All RMB 100 of food are made right here in China. Even the RMB10 foreign brand shampoo is made by a factory in Shanghai. So, I thought, what would happen if the dollar to RMB exchange rate becomes 1:4? Well, the cost of making these items wouldn’t decrease that much because most of the components that go into producing these items are not imported and would stay pretty much the same. (Please correct me if I am wrong in this assumption.)

However, if the exchange rate suddenly becomes 1:4, a lot of Chinese exporters, including my family’s juice business, which actually has a good margin compared to other labor intensive industries, will go out of business.  

In addition, perhaps now it would make economic sense for western companies to import their products (beef, fish, milk, shampoo) into China (of course assuming that the tariffs stay the same) and domestic consumers would buy imported goods because they are better quality and may now be cheaper.  

So this also adds additional pressure to the manufacturers. furthermore, perhaps now P&G would in this new exchange rate environment consider producing its shampoo in the U.S., because relatively speaking, P&G’s cost of production in the U.S. would have gone down.So China gets hurt in a multiple of ways as a result of China revaluing its currency: 

1. Export companies go out of business.
2. Domestic companies get more competition from foreign companies and are forced to cut prices and maybe wages.
3. Foreign companies will have less incentive to invest and do production in China.
 
The benefit is that Chinese consumers will buy more imported goods, but I am not even sure if the consumers will get more purchasing power as a whole because as in our shopping experience, almost all of the things that I buy are made locally, so the prices wouldn’t really drop. (I can see in the case of luxury goods, i.e. LV, or Gucci, where they would be come sufficiently cheaper if the exchange rate re-values.) 

 So in conclusion, on the one hand, based on PPP or Big Mac index, I get the impression that the RMB is greatly undervalued (i.e. 1 Big Mac in US is $4, and 1 Big Mac in China is RMB 12-15). Yet, if the RMB were to really go up in value, the economy would definitely be hurt in many ways.

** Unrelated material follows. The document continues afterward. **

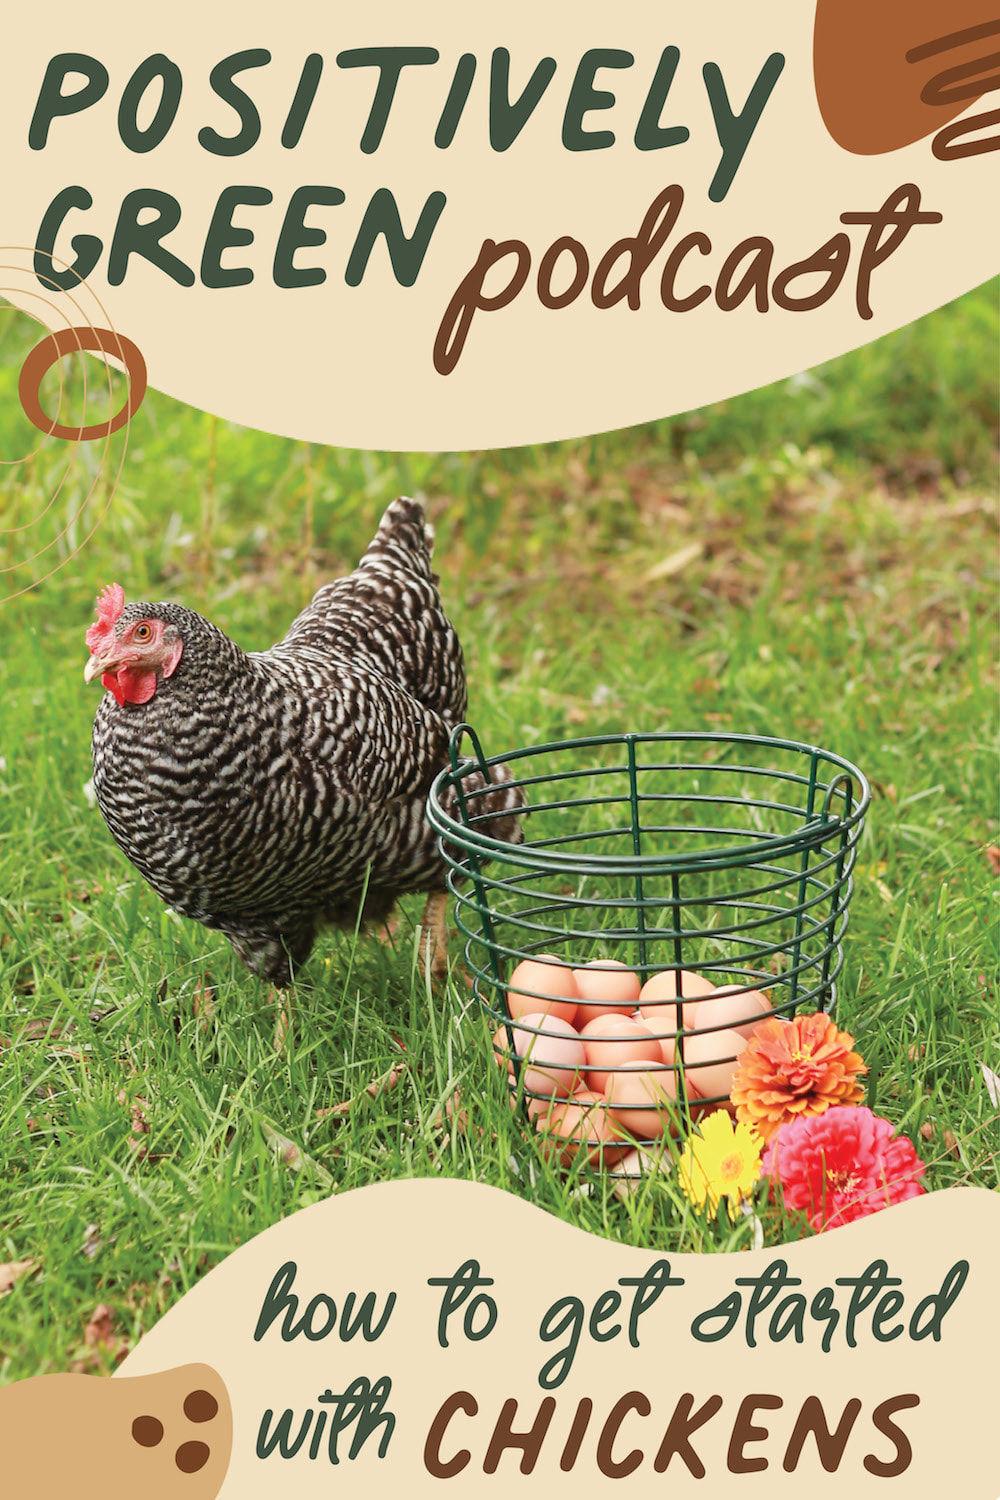 How to get started with Chickens - The Positively Green Podcast

What is wrong and what can we do?  

This is a great letter because (aside from the fact that it shows why I enjoy teaching here so much, given the intelligence and thoughtfulness of so many of the students I meet) it indicates in a very concrete way how complex the policy decisions are and how difficult the transition process is likely to be.

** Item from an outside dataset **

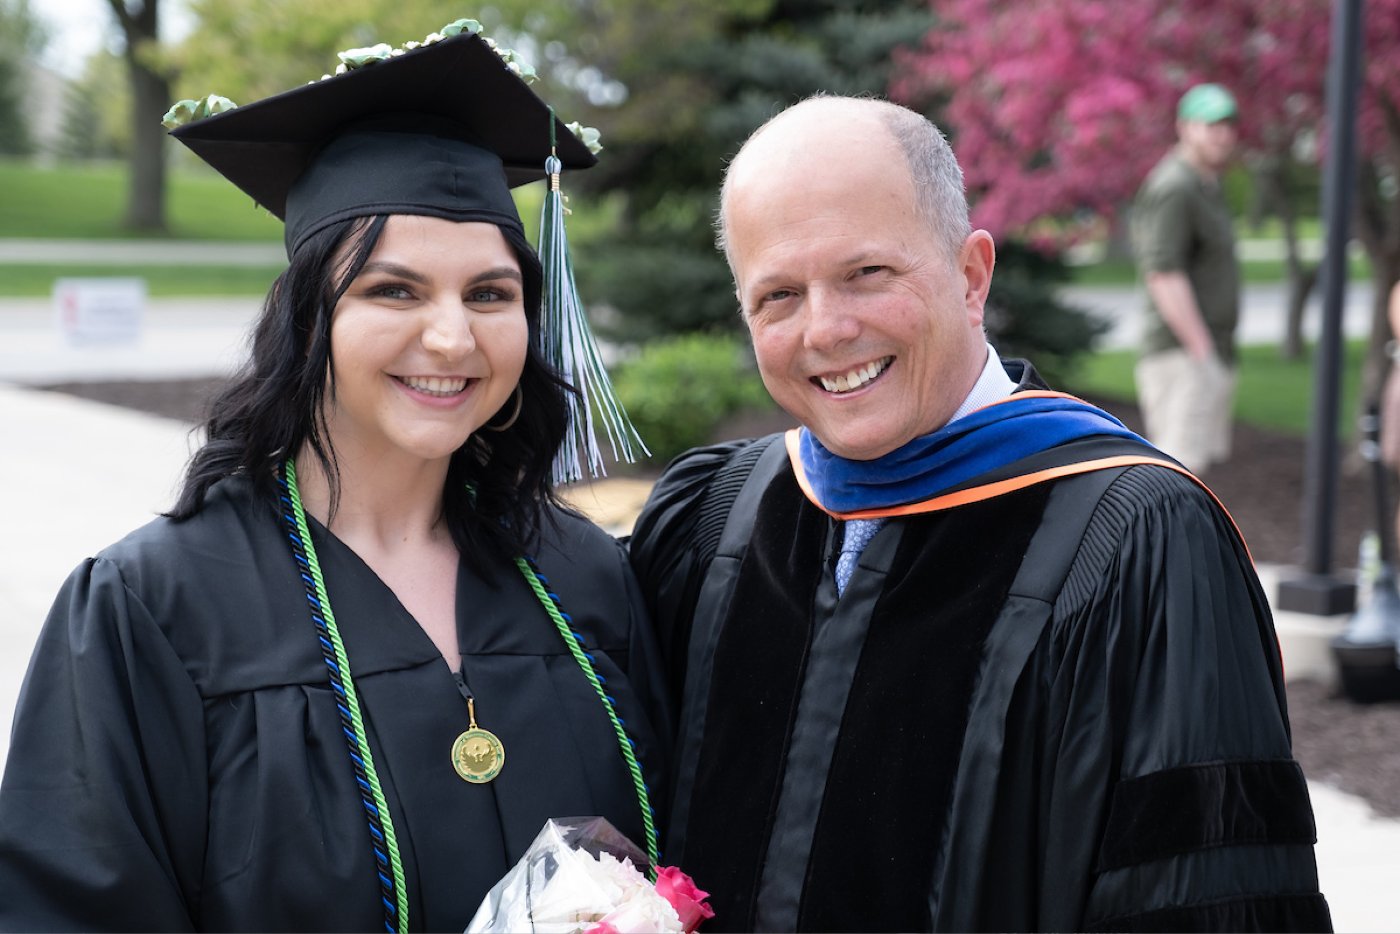 A faculty members poses with a graduated student outdoors after the commencement ceremony

The first thing I would bring up is the issue of the effect of revaluation on the food purchased at Carrefour.  Of course it is true that the cost to make those Chinese-made goods would not decline in RMB terms except to the extent that they included foreign components (which may be more than many realize, since much of the fertilizer used by Chinese farmers comes from abroad, as does the oil they use to transport their products to Carrefour), but that does not necessarily mean that their cost to the consumer would not decline.  All of these things can be manufactured abroad, and it may be that Malaysian chickens, Australian milk or the same shampoo manufactured in Vietnam would become so much cheaper that either Chinese consumers would begin to buy more foreign food, or Chinese producers would have to lower their costs or improve their quality to compete.  This directly benefits Chinese consumers. 

Of course it might hurt Chinese farmers and producers, and this is why the transition becomes difficult.  In a very abstract way we can argue that whatever pain the farmers feel is less than the gains other Chinese enjoy.  Cheaper food for Chinese consumers means that they have more money leftover to go to restaurants, buy books, or get haircuts, and so Chinese businesses that supply these services will benefit.  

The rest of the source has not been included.